### DATA PROVIDED

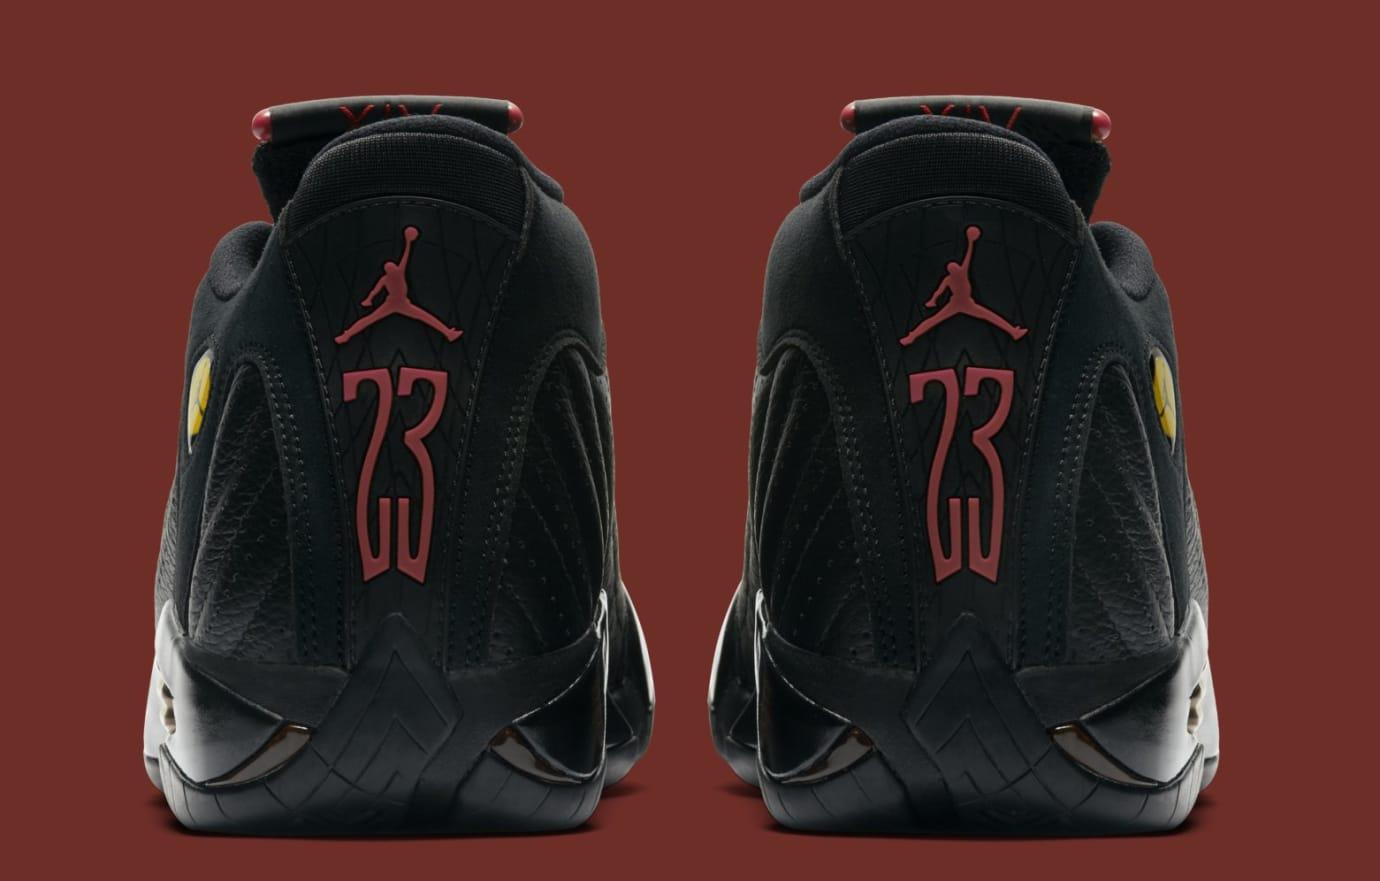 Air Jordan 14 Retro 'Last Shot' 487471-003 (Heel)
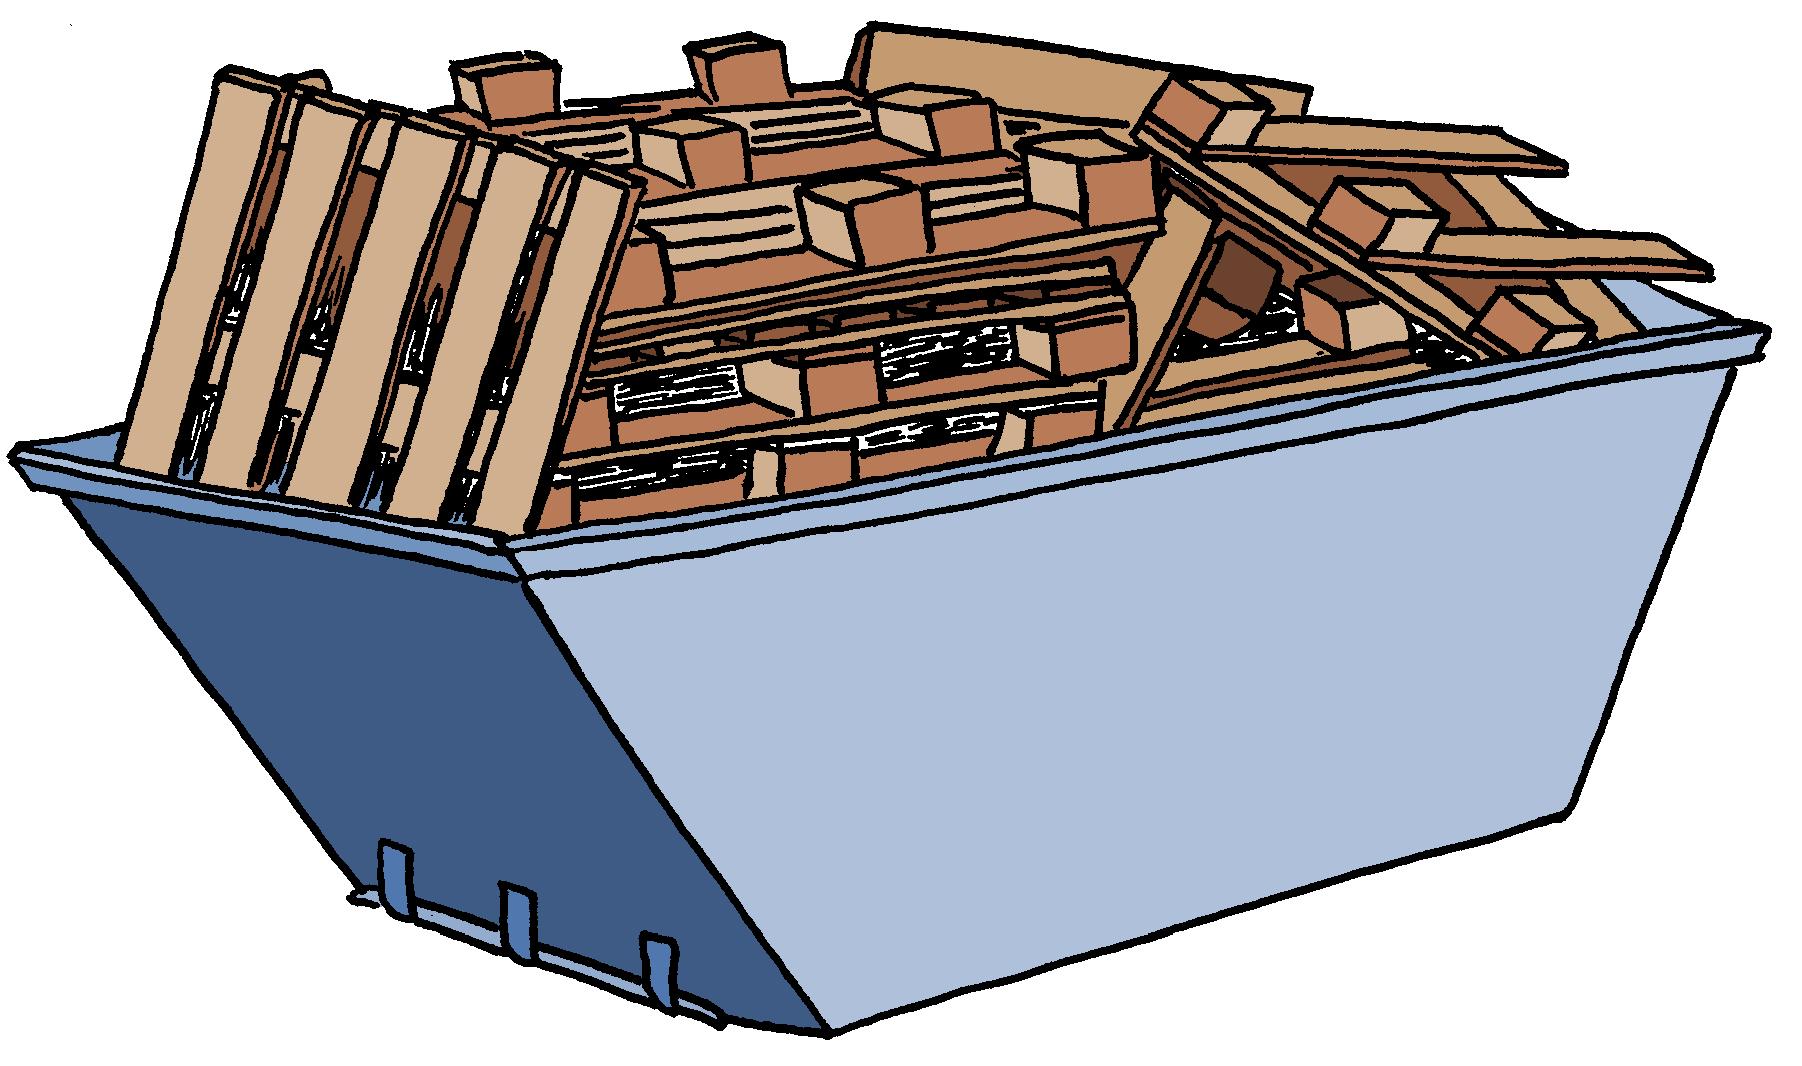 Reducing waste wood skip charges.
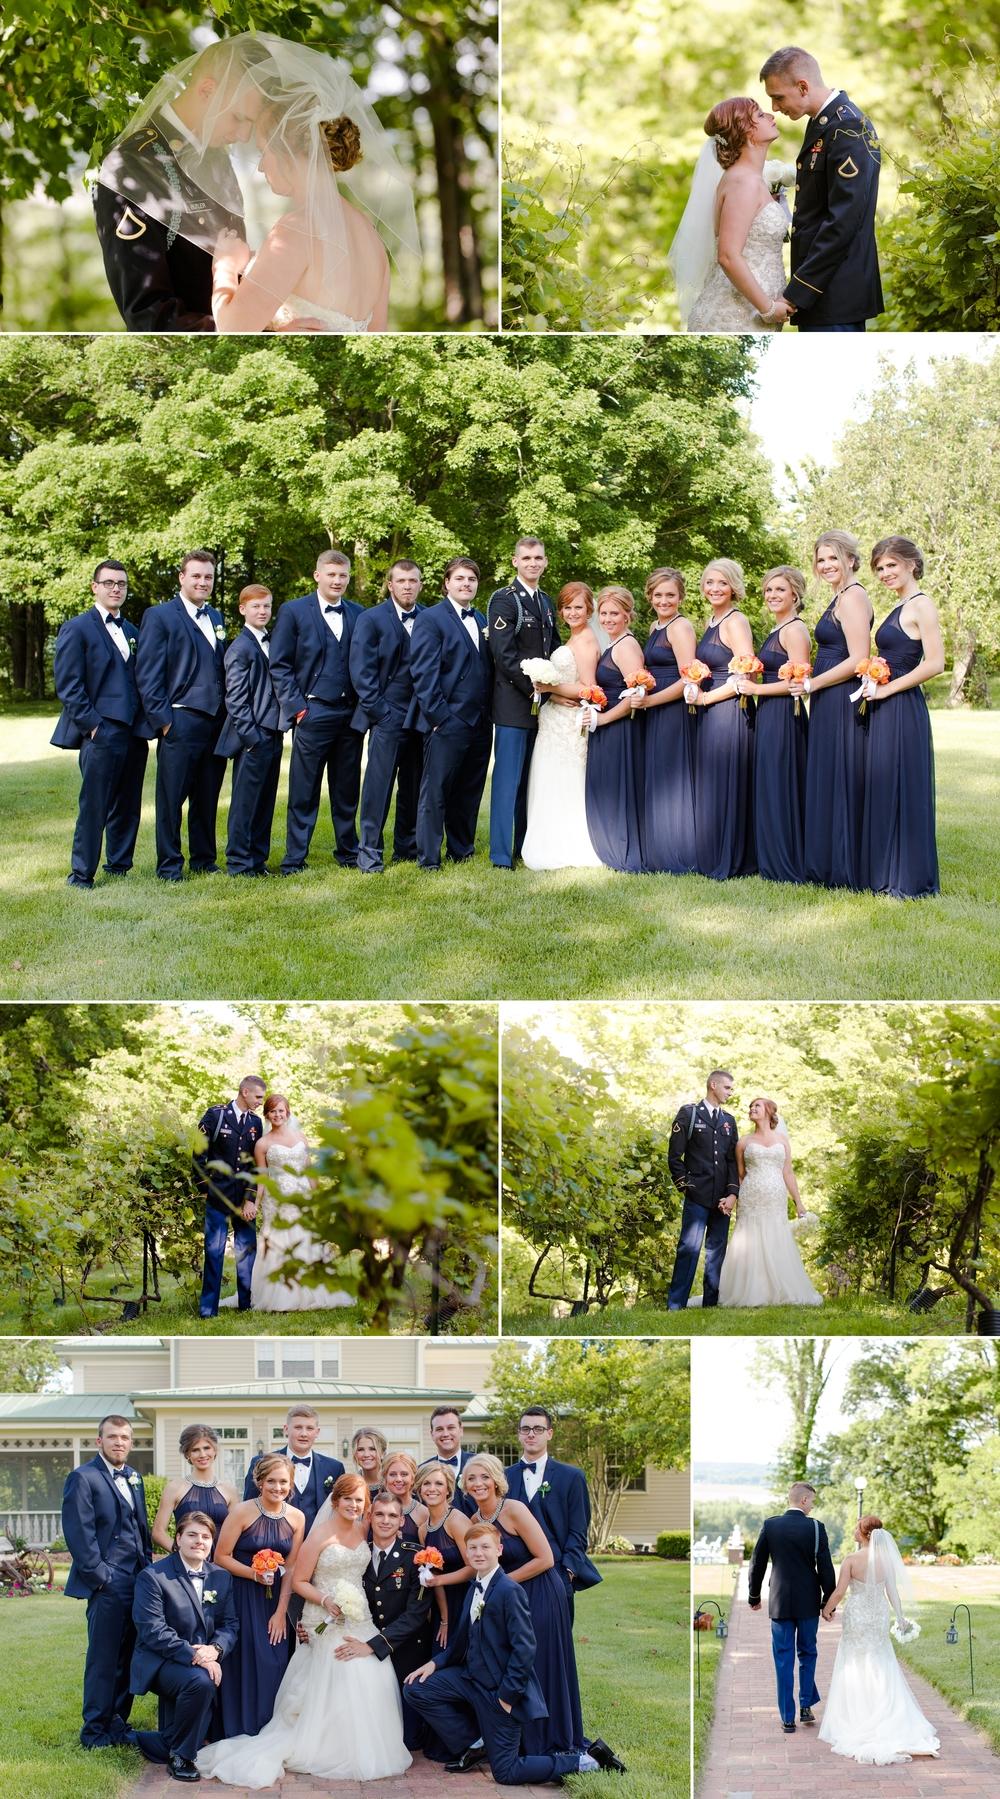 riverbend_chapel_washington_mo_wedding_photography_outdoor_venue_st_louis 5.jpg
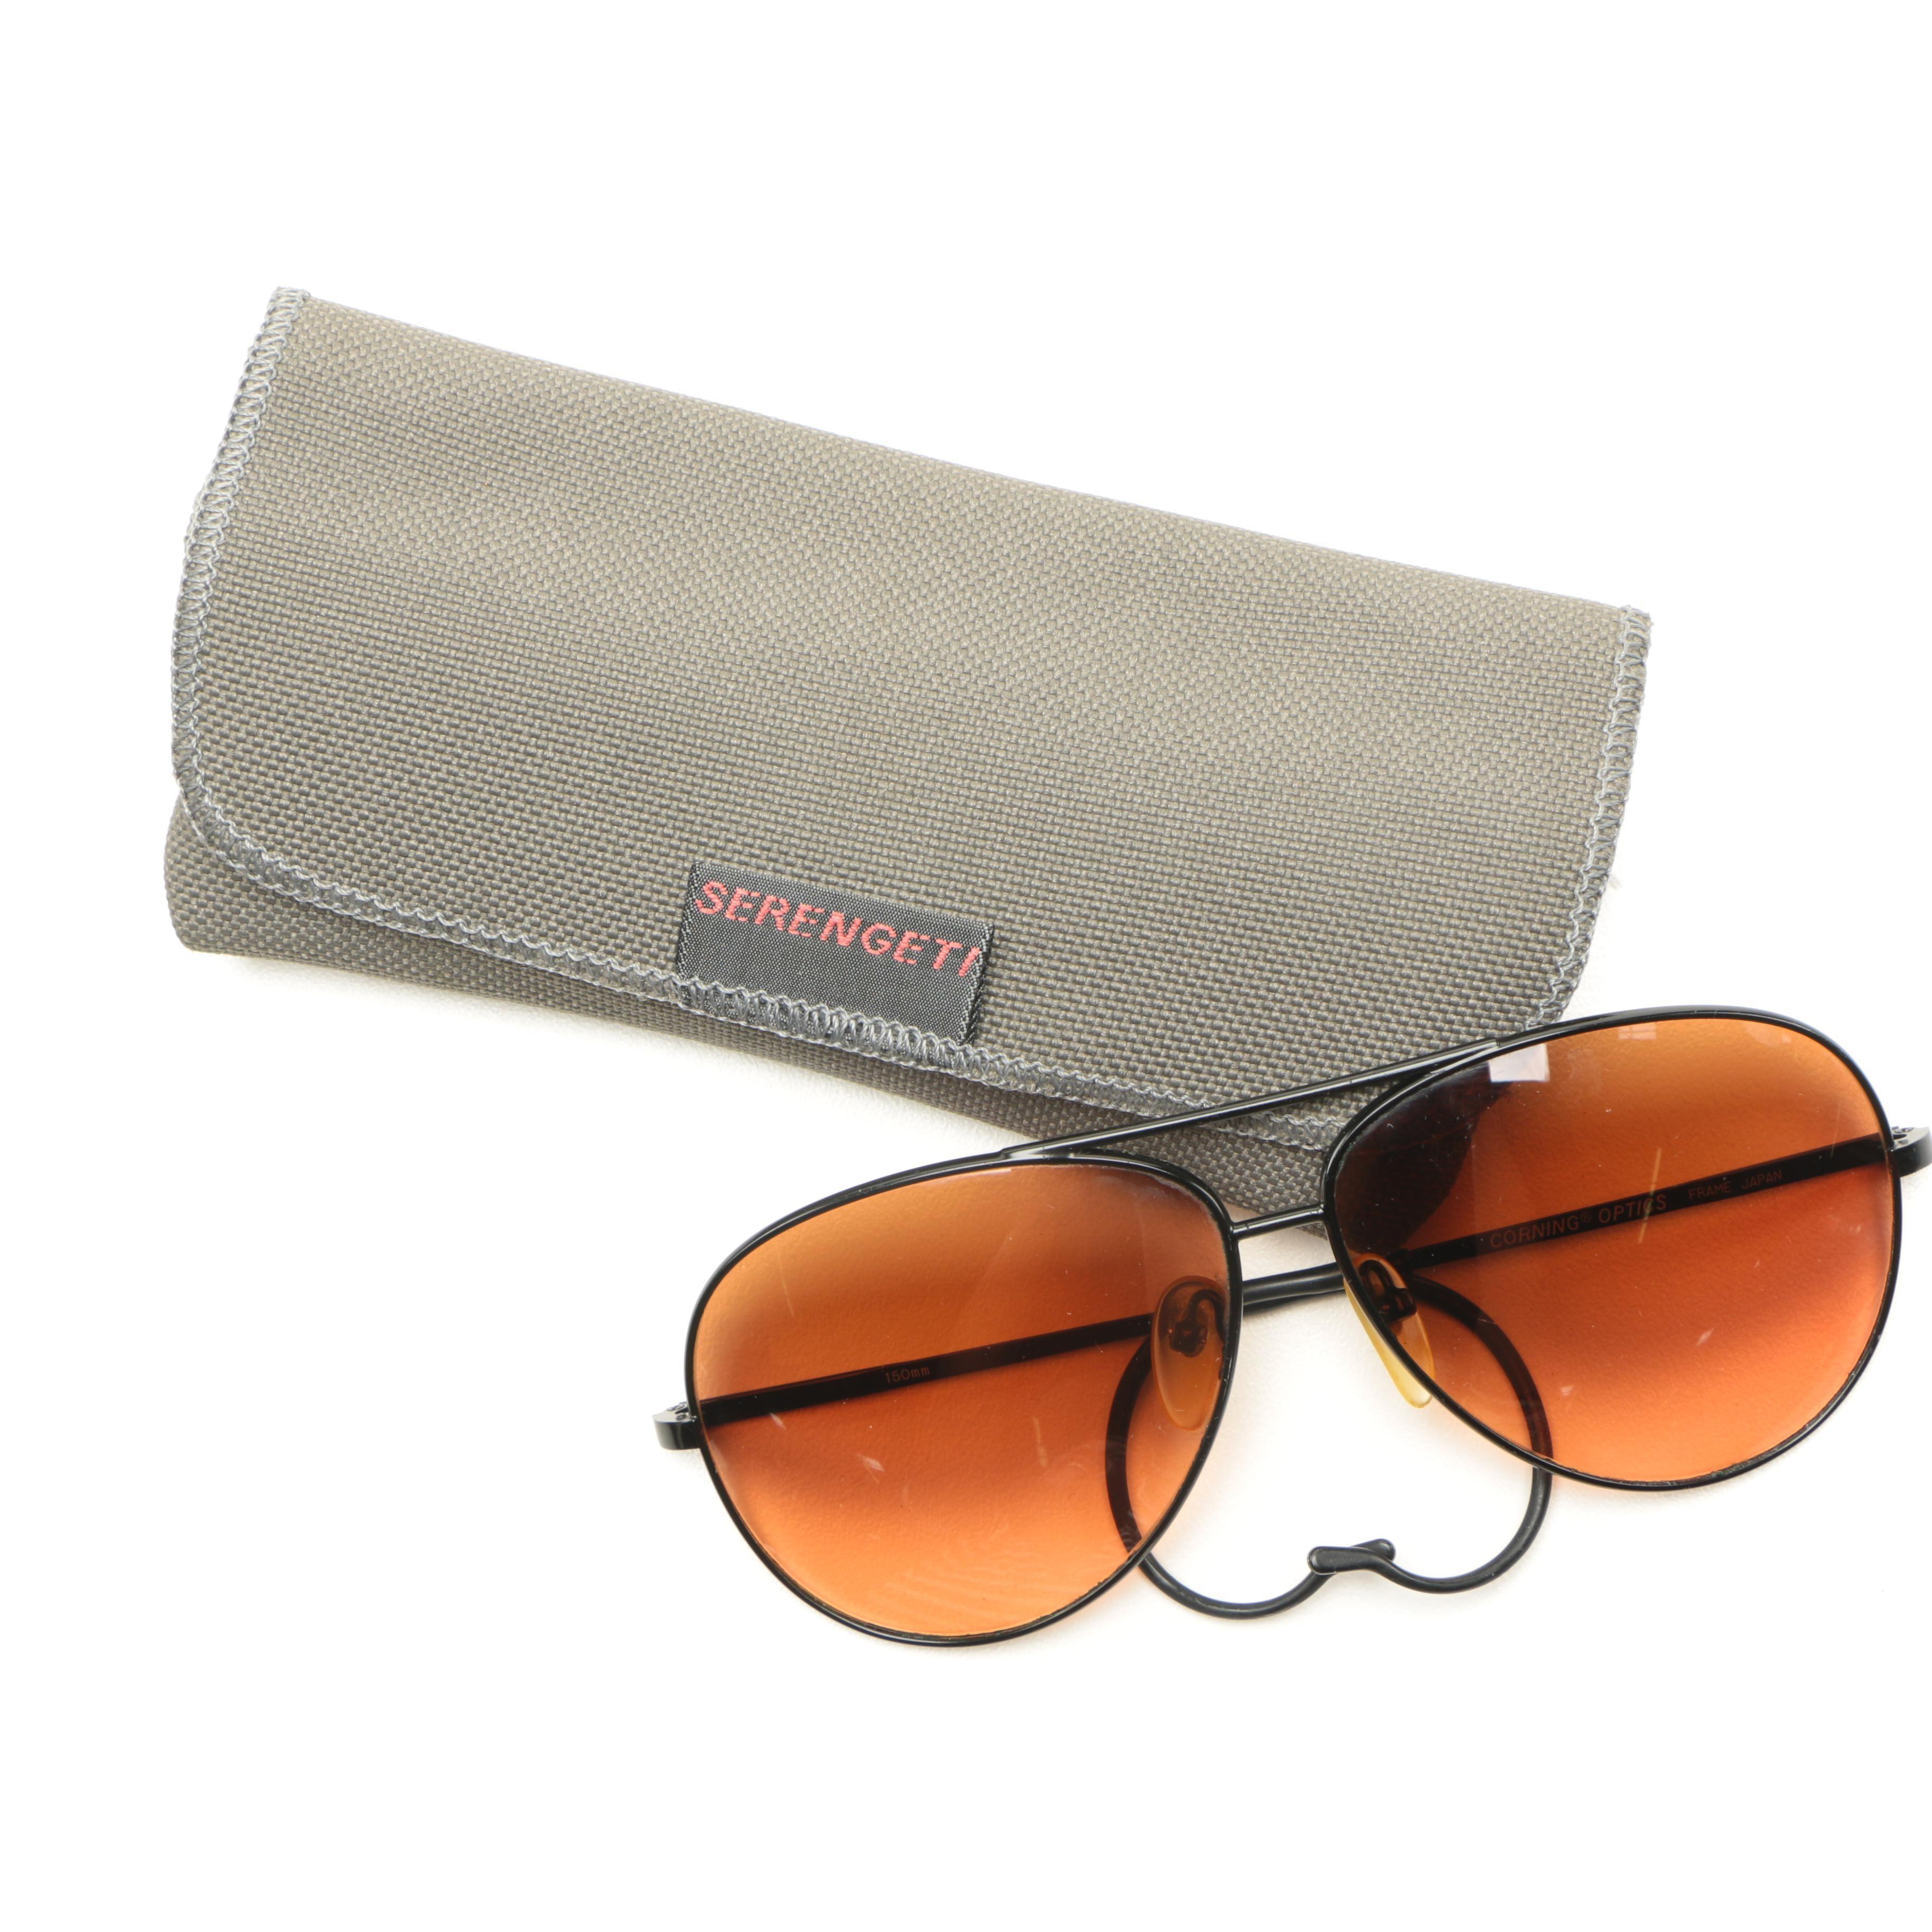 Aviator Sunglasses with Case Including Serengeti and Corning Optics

### WHAT TO WORK ON
Print out the complete listing above exactly, dropping each image.

### TASK ANSWER
 Air Jordan 14 Retro 'Last Shot' 487471-003 (Heel)
 Reducing waste wood skip charges.
 riverbend_chapel_washington_mo_wedding_photography_outdoor_venue_st_louis 5.jpg
 Aviator Sunglasses with Case Including Serengeti and Corning Optics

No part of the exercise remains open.